-- Opening Marker --
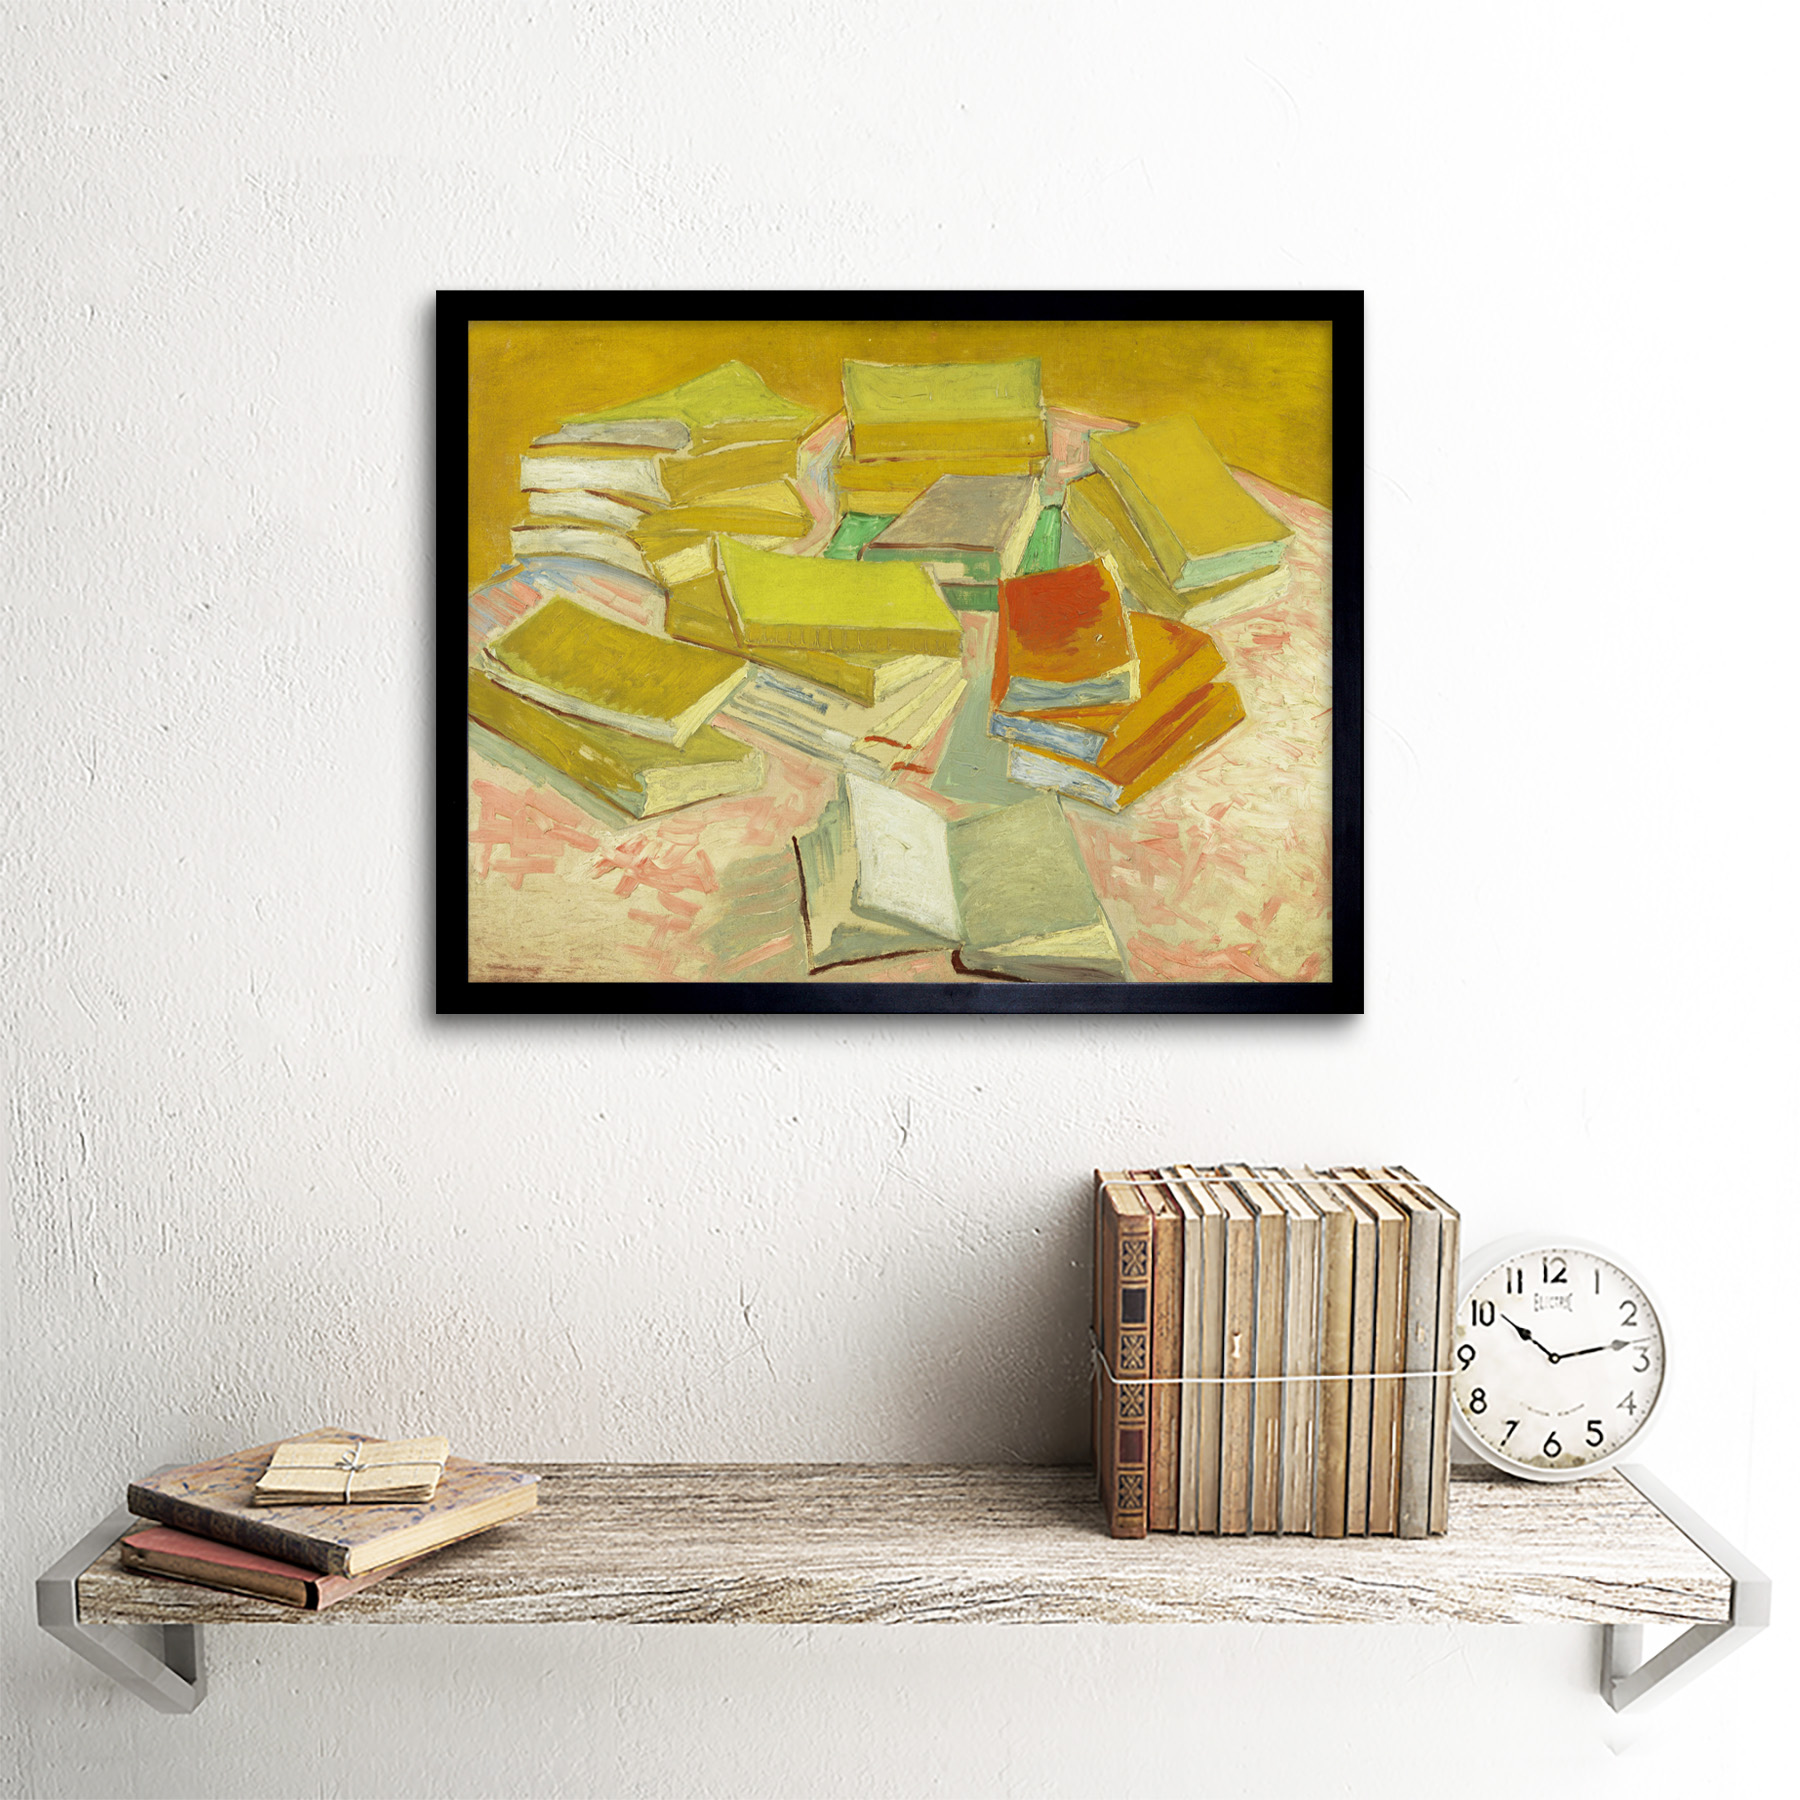 thumbnail 3 - Vincent-Van-Gogh-Piles-Of-French-Novels-Art-Print-Framed-12x16
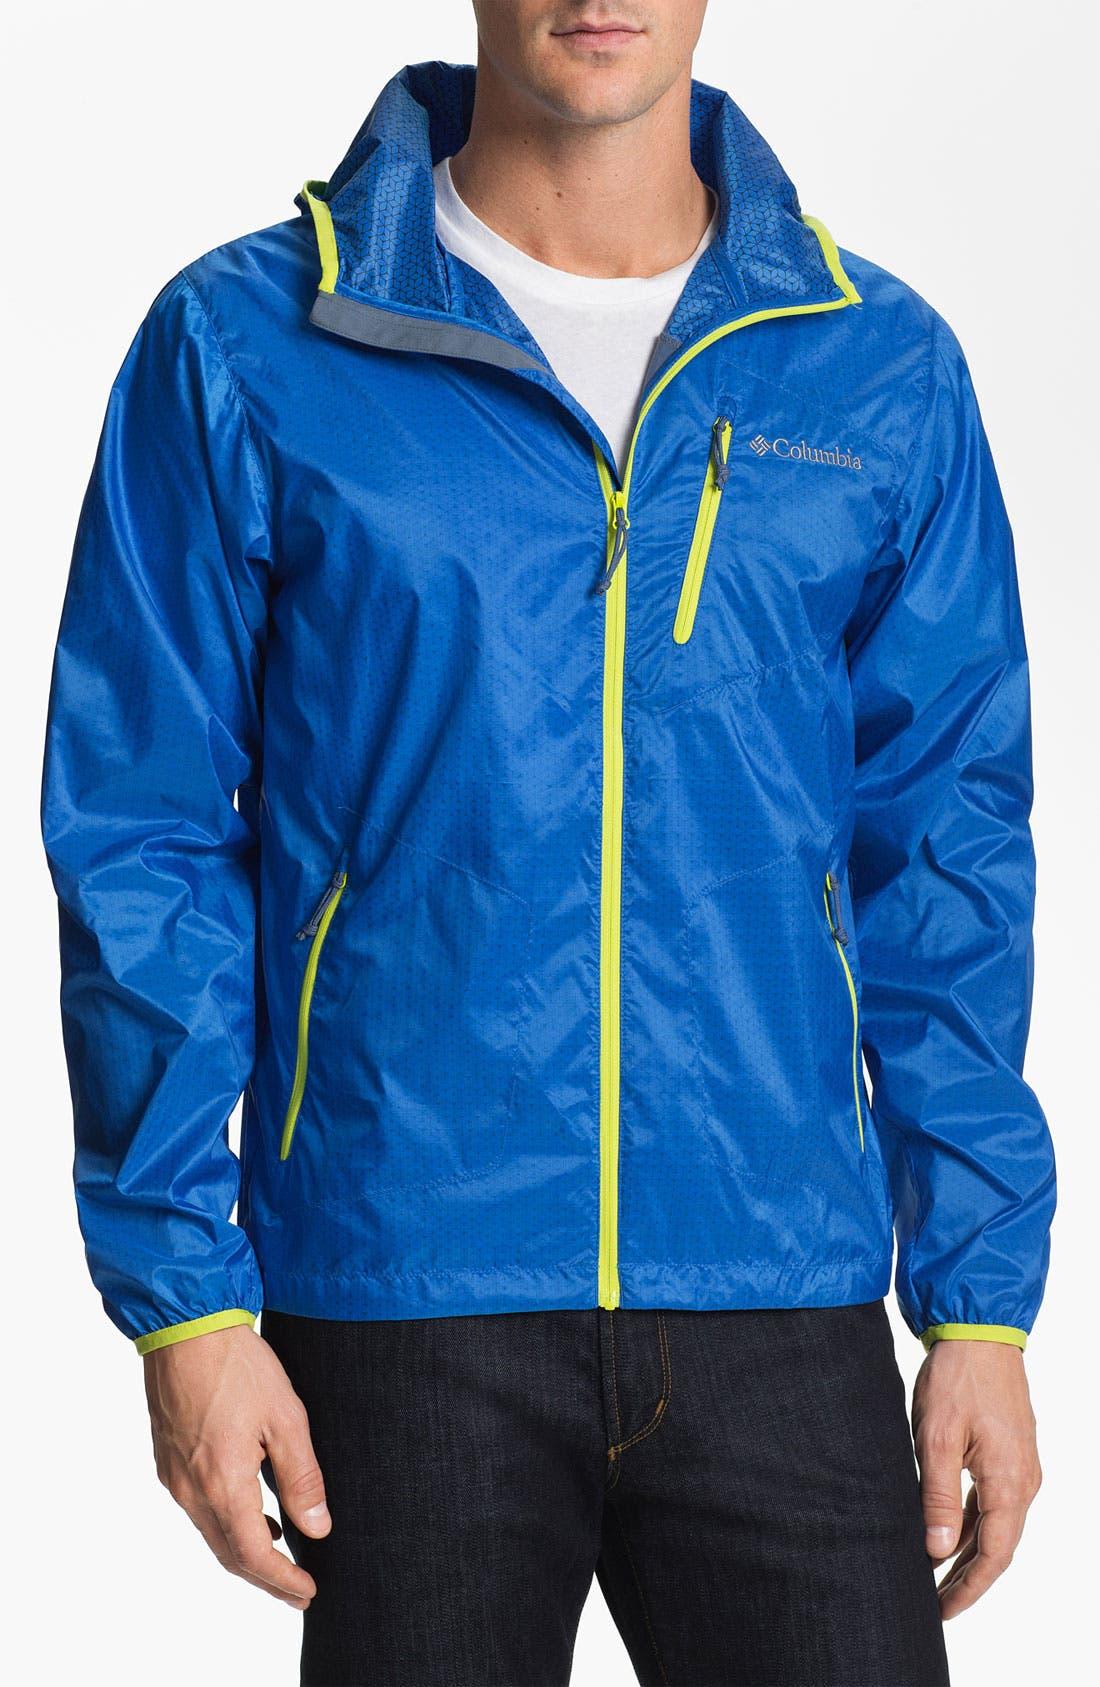 Main Image - Columbia 'Trail Drier™' Windbreaker Jacket
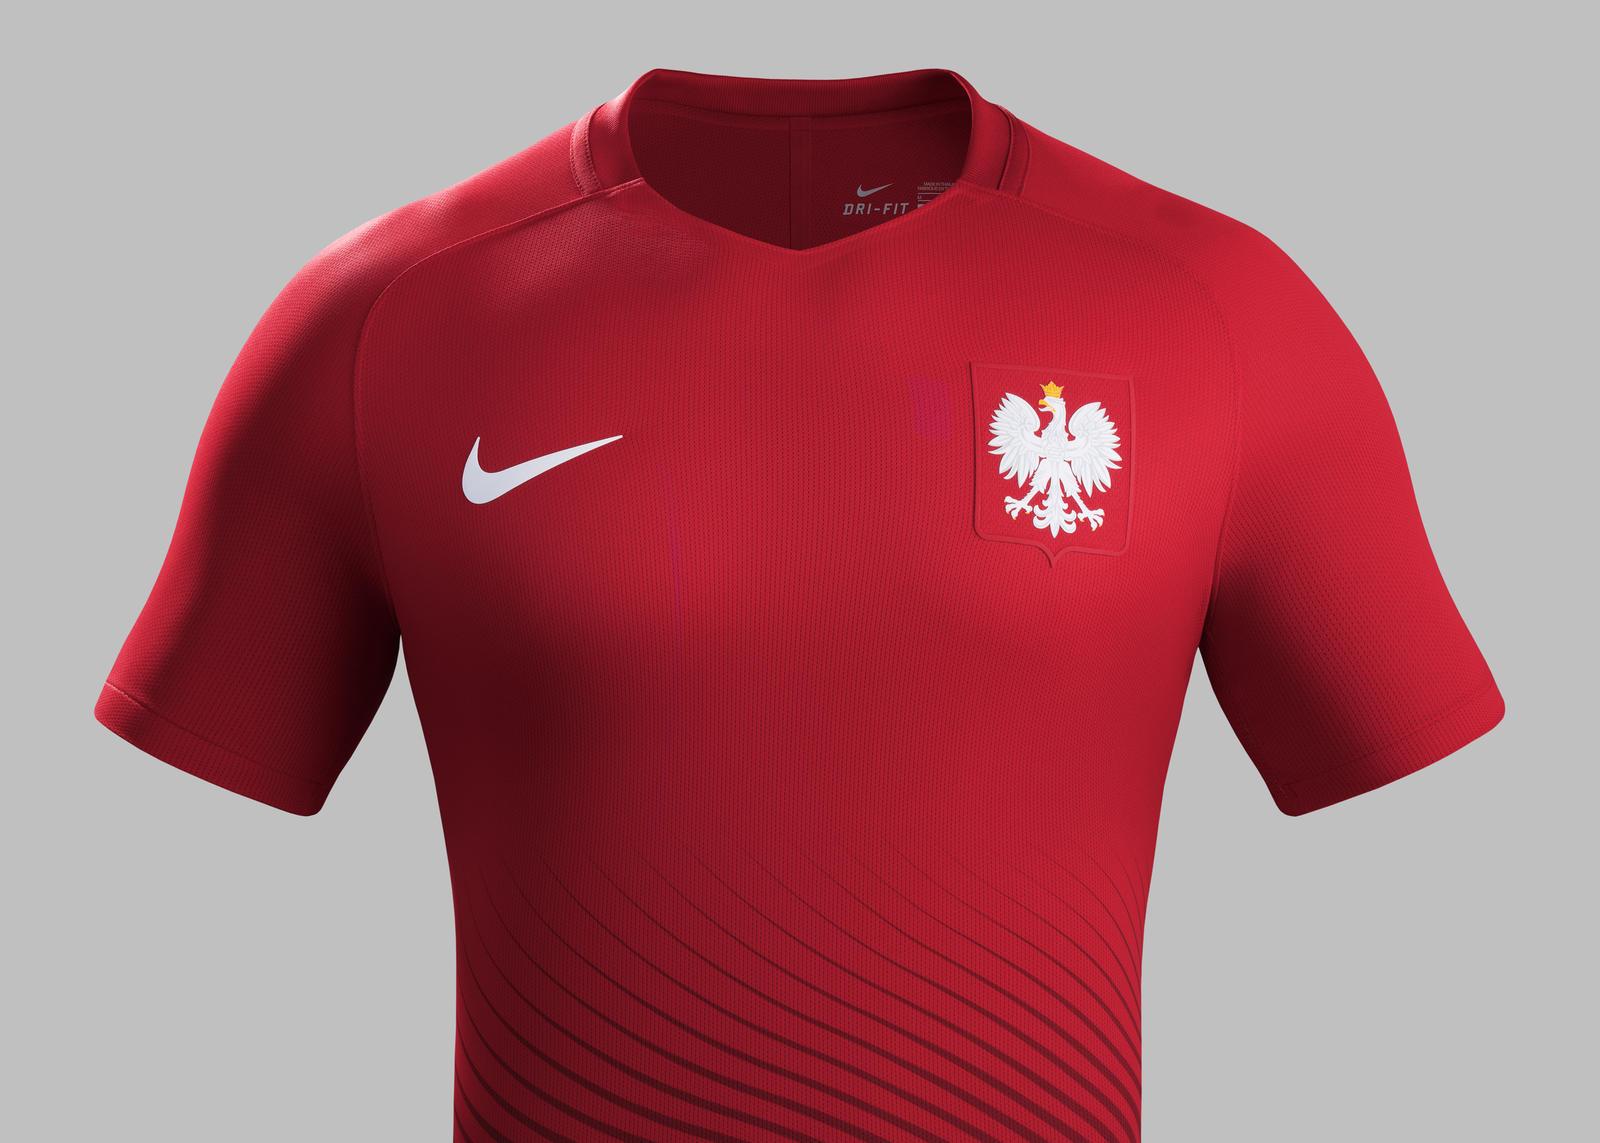 Poland national football kits nike news jpg 1600x1143 Poland soccer jacket 4938e662e
-- Closing Marker --
When a picture appears in the material, please pass over it while retyping the rest exactly.

Response box:
 thumbnail 3 - Vincent-Van-Gogh-Piles-Of-French-Novels-Art-Print-Framed-12x16
 Main Image - Columbia 'Trail Drier™' Windbreaker Jacket
 Poland national football kits nike news jpg 1600x1143 Poland soccer jacket 4938e662e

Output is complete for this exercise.